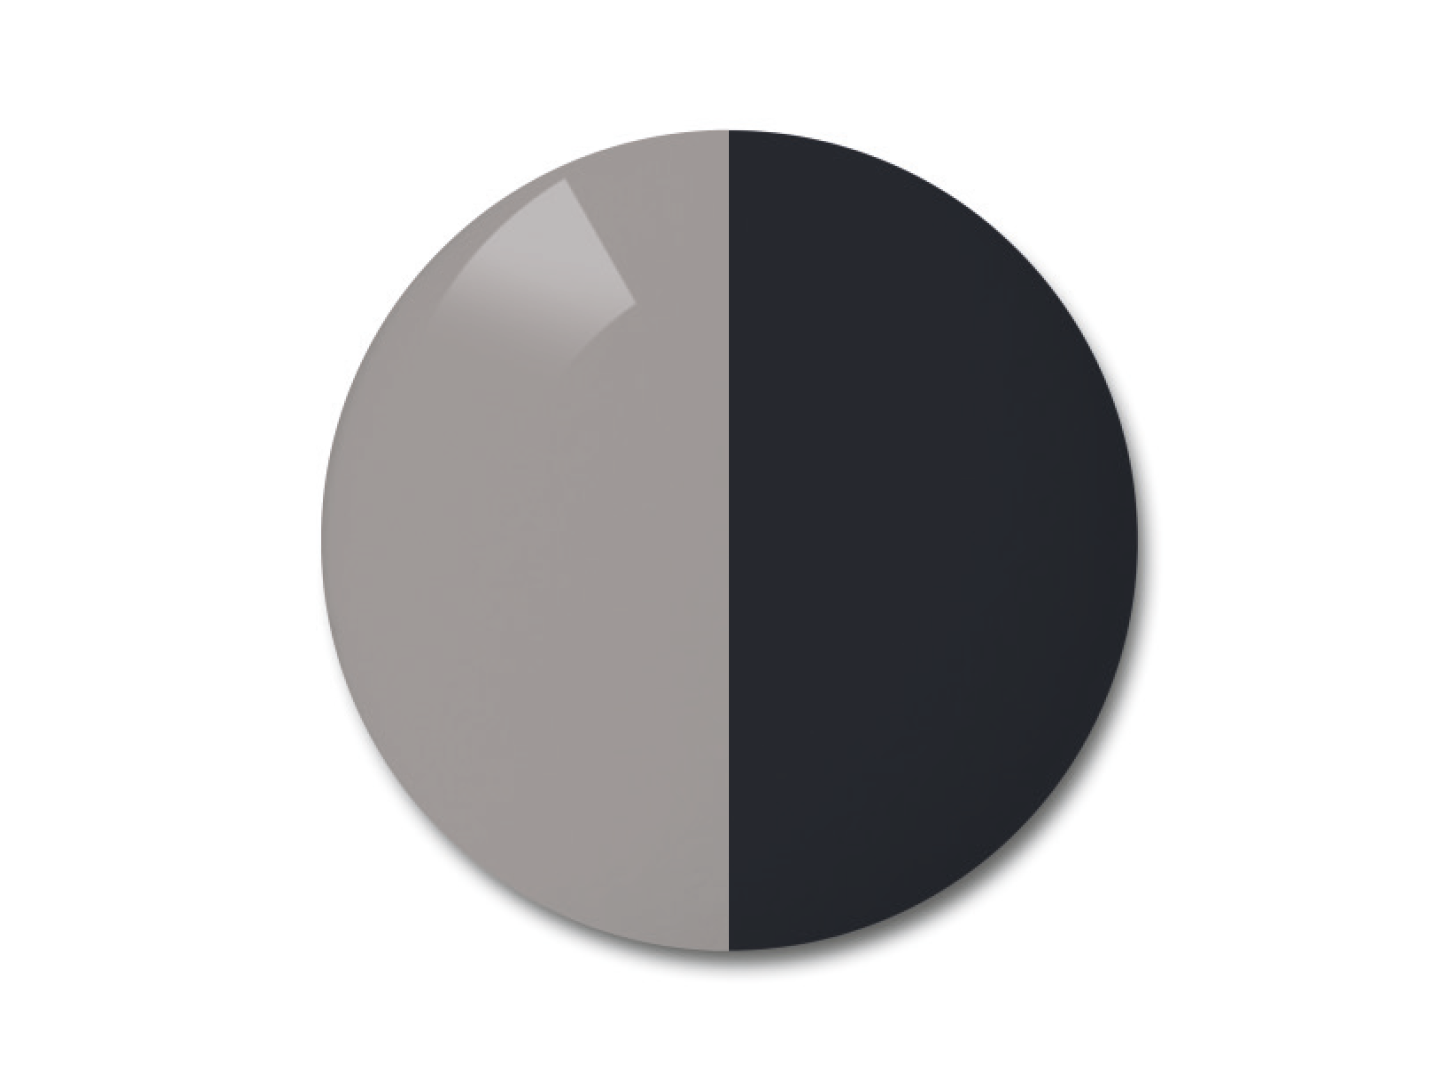 자이스 어댑티브선 변색 렌즈 중 단색 그레이 색상을 보여주는 이미지
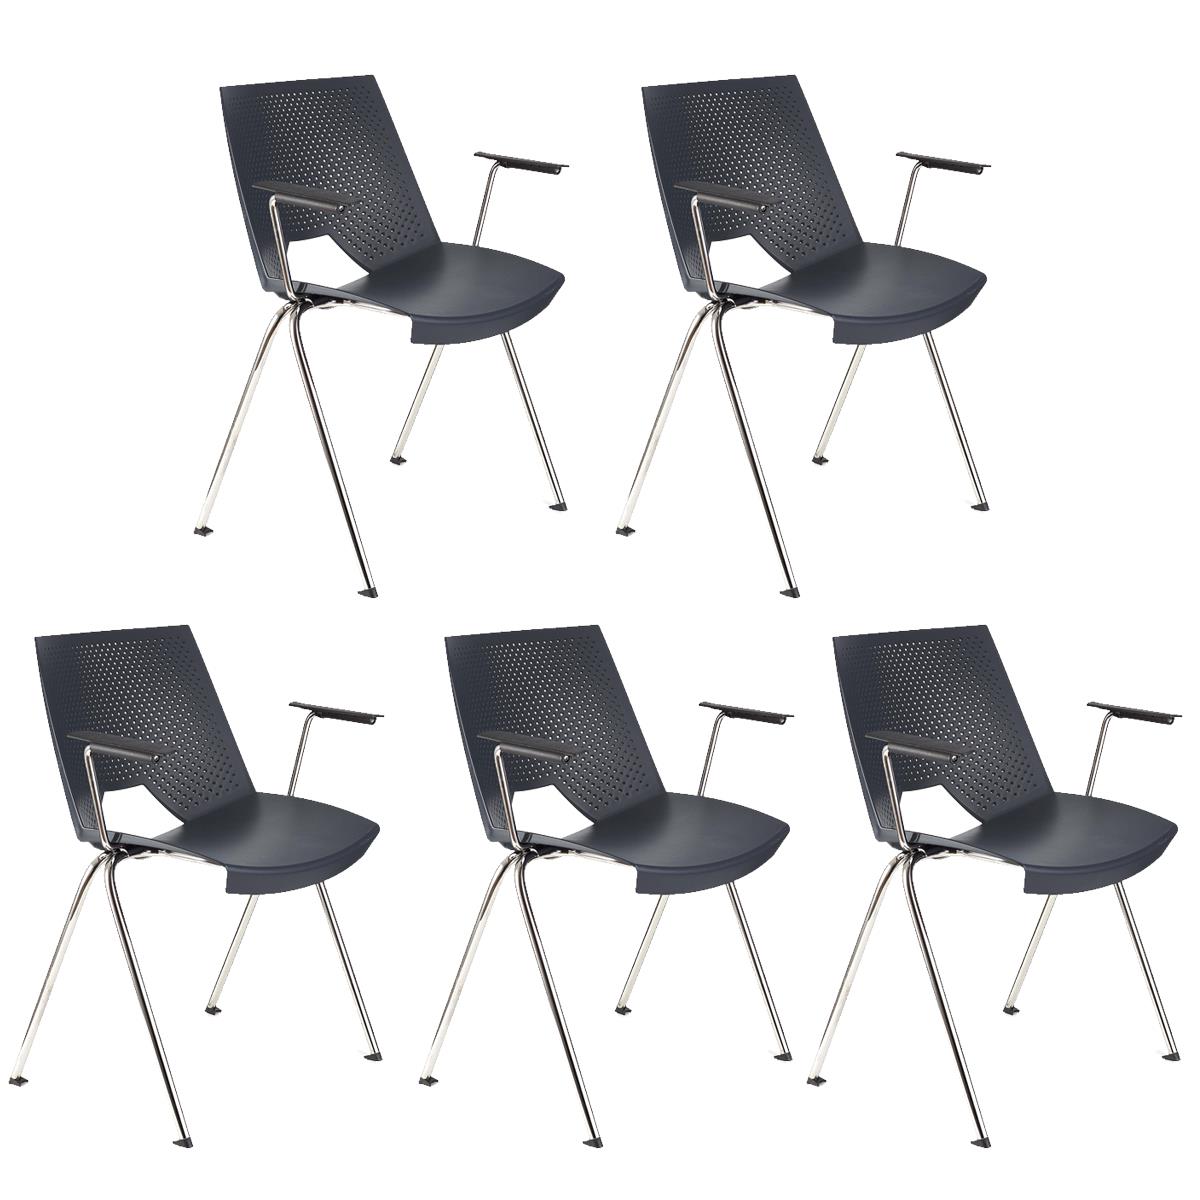 Lote de 5 sillas de Confidente ENZO CON BRAZOS, Cómodas y Prácticas, Apilables, Color Gris
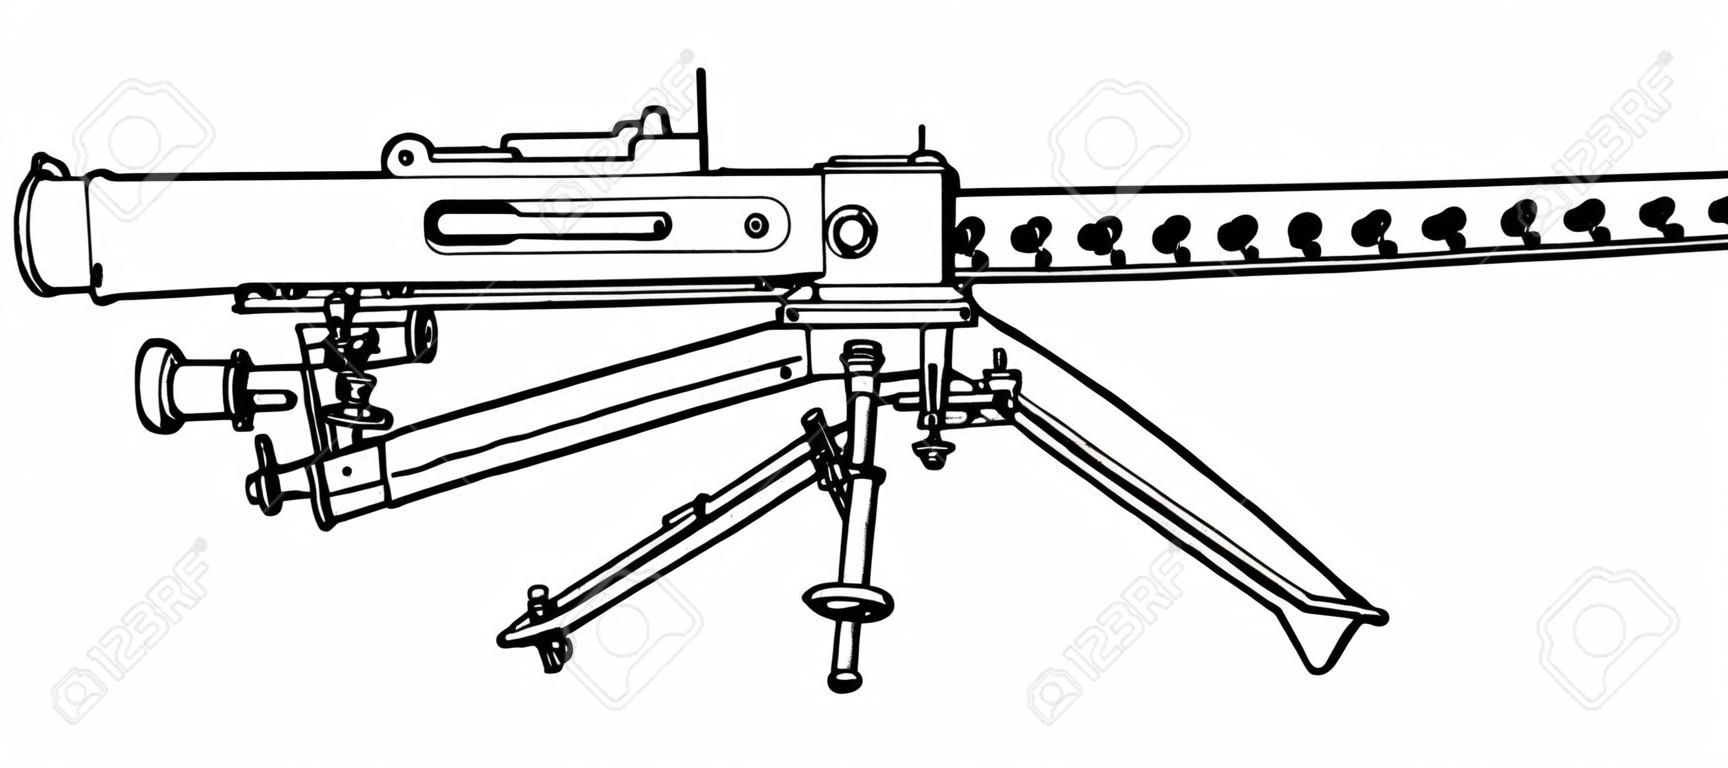 Browning Machine Gun był używany jako lekka piechota, vintage rysowanie linii lub ilustracja grawerowania.
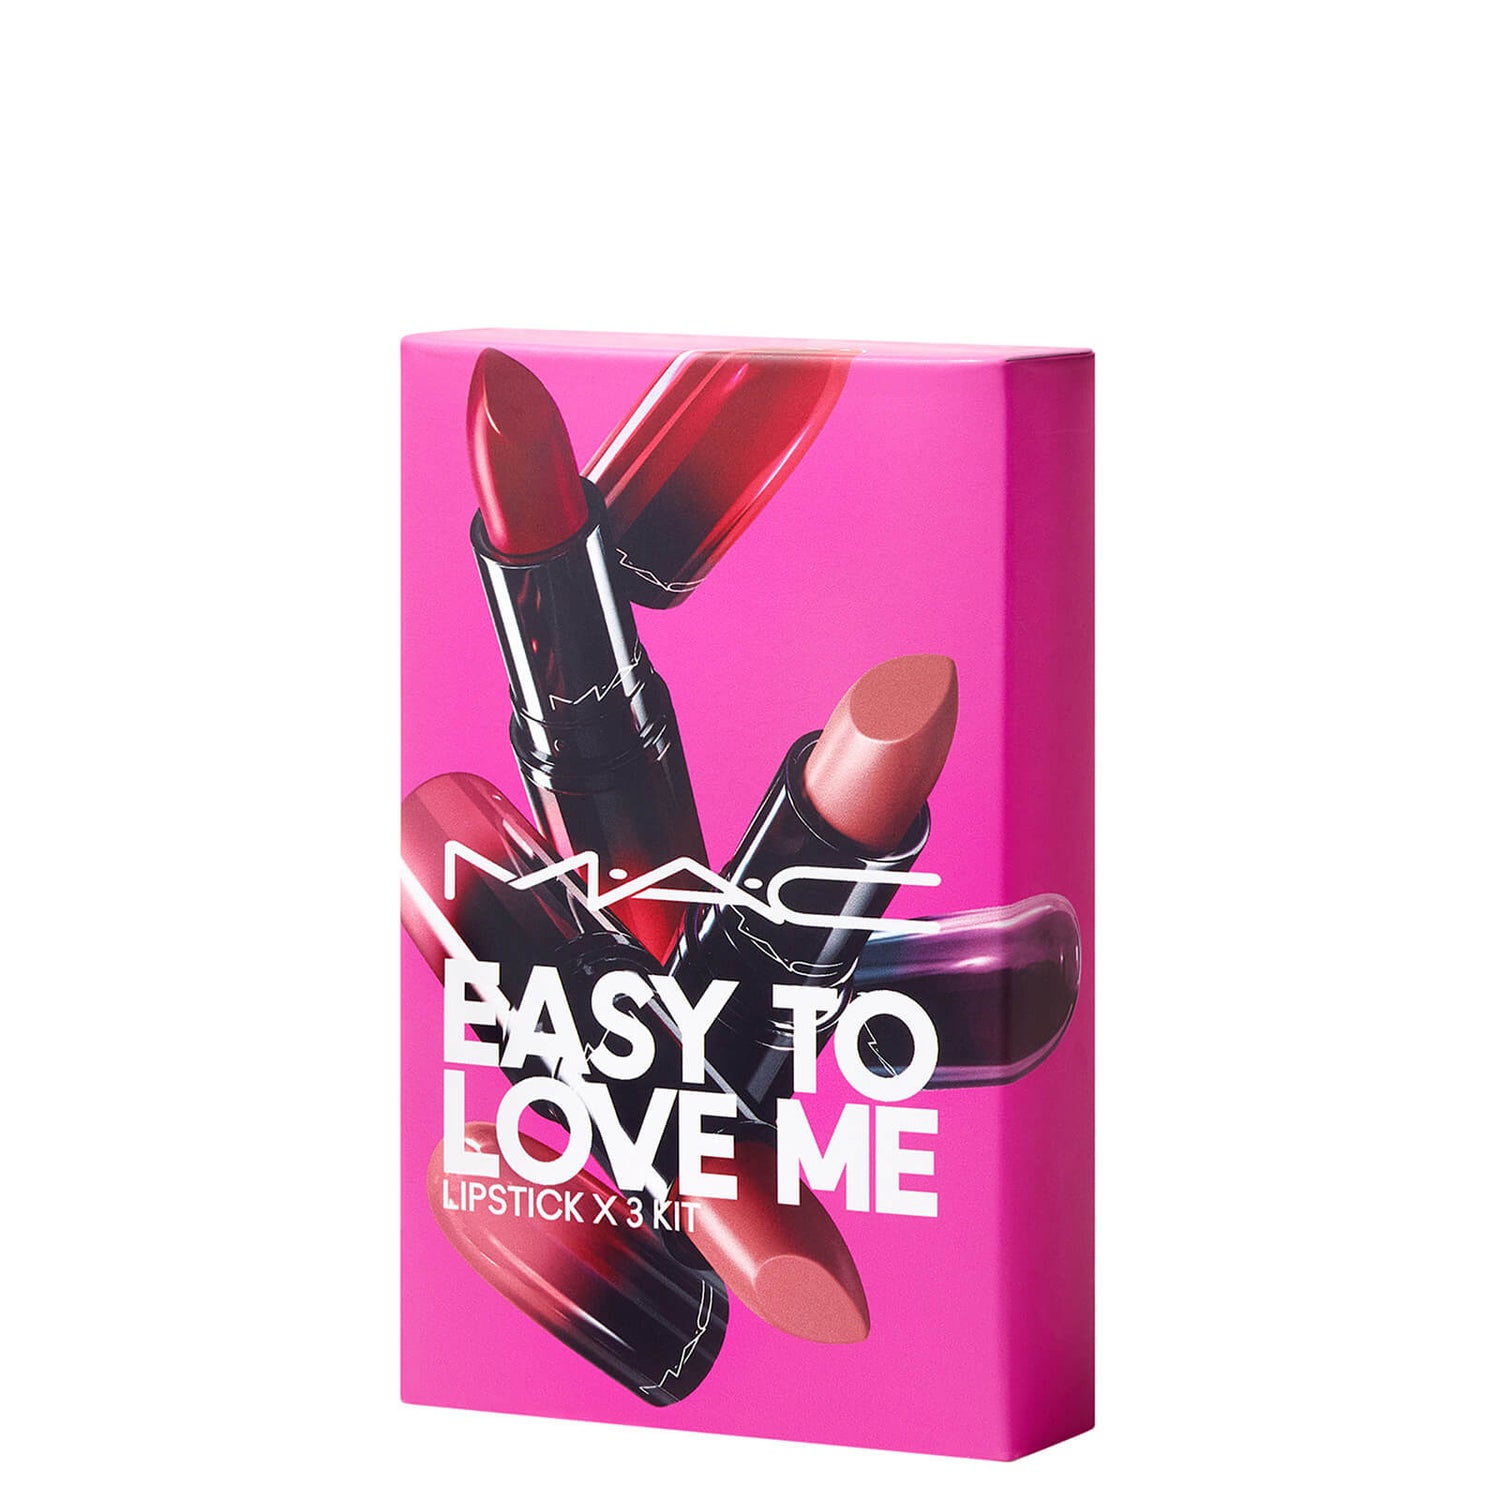 Kit de rouge à lèvres MAC Easy To Love Me
———
## Work task
The data must be printed exactly, image-free.

## The answer
 자이스 어댑티브선 변색 렌즈 중 단색 그레이 색상을 보여주는 이미지
 Lote de 5 sillas de Confidente ENZO CON BRAZOS, Cómodas y Prácticas, Apilables, Color Gris
 Browning Machine Gun był używany jako lekka piechota, vintage rysowanie linii lub ilustracja grawerowania.
 Kit de rouge à lèvres MAC Easy To Love Me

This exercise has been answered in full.